Protecting Ancient History in Iraq
With a U.S. invasion of Iraq looming, archaeologists and art historians are growing increasingly concerned over what will become of ancient monuments and artifacts in the "cradle of civilization" when bombs begin falling. They're also worried about looting of ancient artifacts after a war ends, NPR's Jason DeRose reports.
The Archaeological Institute of America is urging the Department of Defense to consider historic sites in Iraq when planning U.S. military strategy. In a letter to the Pentagon, the AIA expresses its "profound concern about the potential for damage to monuments, sites, antiquities, and cultural institutions as a result of war."
Six thousand years ago, the place known today as Iraq was Mesopotamia, which rose along the banks of the Tigris and Euphrates rivers.
"It's the cradle of civilization," says McGuire Gibson, who teaches Mesopotamian archaeology at the University of Chicago. "It's the place where we get the first cities, the first writing, the first thoughts about what's man's relationship to God. It's the first sort of ideas about death. It's the first recorded literature that we have."

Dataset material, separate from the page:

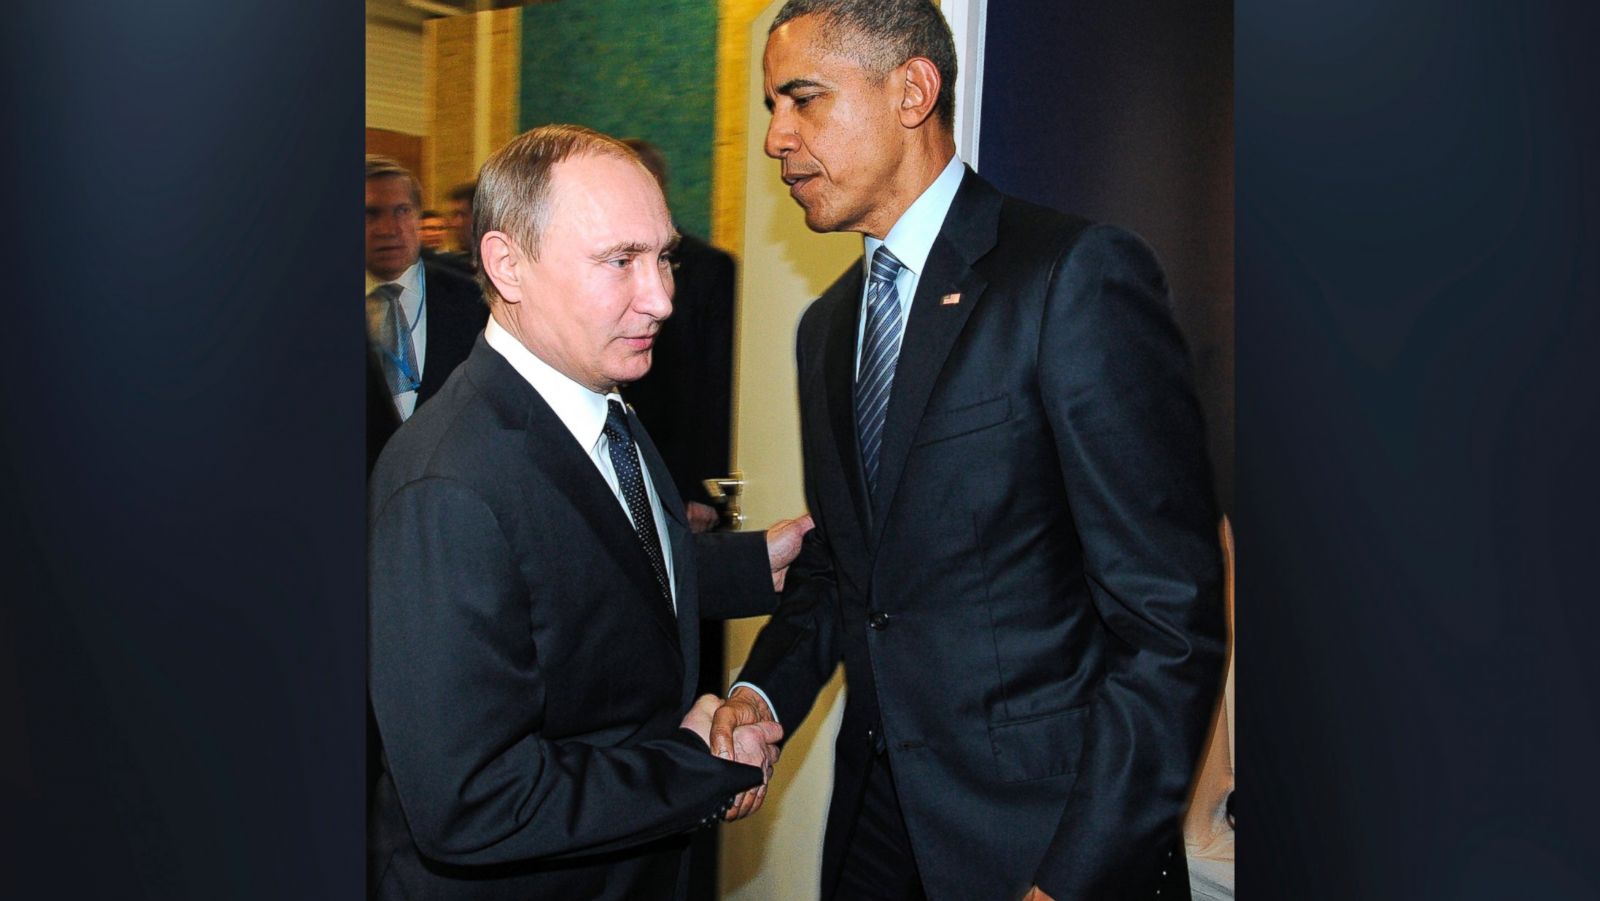 ap_obama_putin_handshake_float_jc_151201_16x9_1600.jpg

Gibson and other archaeologists are quick to say their first concern if war comes to Iraq is the loss of human life. But with nearly 100,000 archaeological sites at stake, they're also concerned about the loss of human history, DeRose reports. Gibson says the 1991 Gulf War literally chipped away at a priceless past. One example is the massive 4,000-year-old Ziggurat at Ur, in southern Iraq. The temple pyramid was hit by at least 400 shells that took out "big chunks" from the structure, Gibson says.
The future of the 2,000-year-old ruin at Ctesiphon -- just outside Baghdad -- is a chief concern of Zaineb Bahrani, who teaches at Columbia University. The site includes the remains of a palace with one of the oldest, tallest brick archways in the world. It was indirectly damaged in 1991 and Bahrani says another nearby bombing could cause the arch to collapse.
Monuments aren't the only potential targets of concern. Elizabeth Stone, an archaeologist at the State University of New York at Stoney Brook, says cuneiform tablets provided legal records -- and personal stories -- from the ancient past. One of the tablets she translated was a divorce case "where a guy had married an heiress where he was accusing her of being a nag. She was accusing him of never having slept with her," Stone says.
Records such as the divorce tablet are made of unbaked mud. The weight of a tank or the shock of a bomb can turn these fragile artifacts to dust, DeRose reports.
However, some art historians and archaeologists are more concerned about what will come after a military campaign, when they say social and economic chaos will most likely lead to looting.
John Russell at the Massachusetts College of Art cites the palace of the Assyrian ruler Sennacherib at Nineveh in northern Iraq. Prior to the 1991 Gulf War, Russell visited the palace of the king who plotted the siege of Jerusalem in 701 B.C. In the palace, Russell photographed 2,700-year-old sculptural reliefs depicting religious offerings, laborers and death. In the mid-1990s, Russell began seeing pieces of the same sculptures being offered on the art market.
A Department of Defense spokesperson says an internal Web site has been set up to help military planners avoid historic sites in Iraq. He says the United States also plans to help the post-war Iraqi government establish protections for cultural property.
But with tens of thousands of archaeological sites throughout Iraq, Boston University archaeologist Paul Zimansky doesn't hold out much hope about protecting this ancient culture. "The Mesopotamians themselves were aware of the impermanence of everything they did," Zimansky says. "And there's a deep pessimism that runs through the literature of Mesopotamia. And perhaps that's carrying over to the modern day -- that everything does seem to turn back into mud."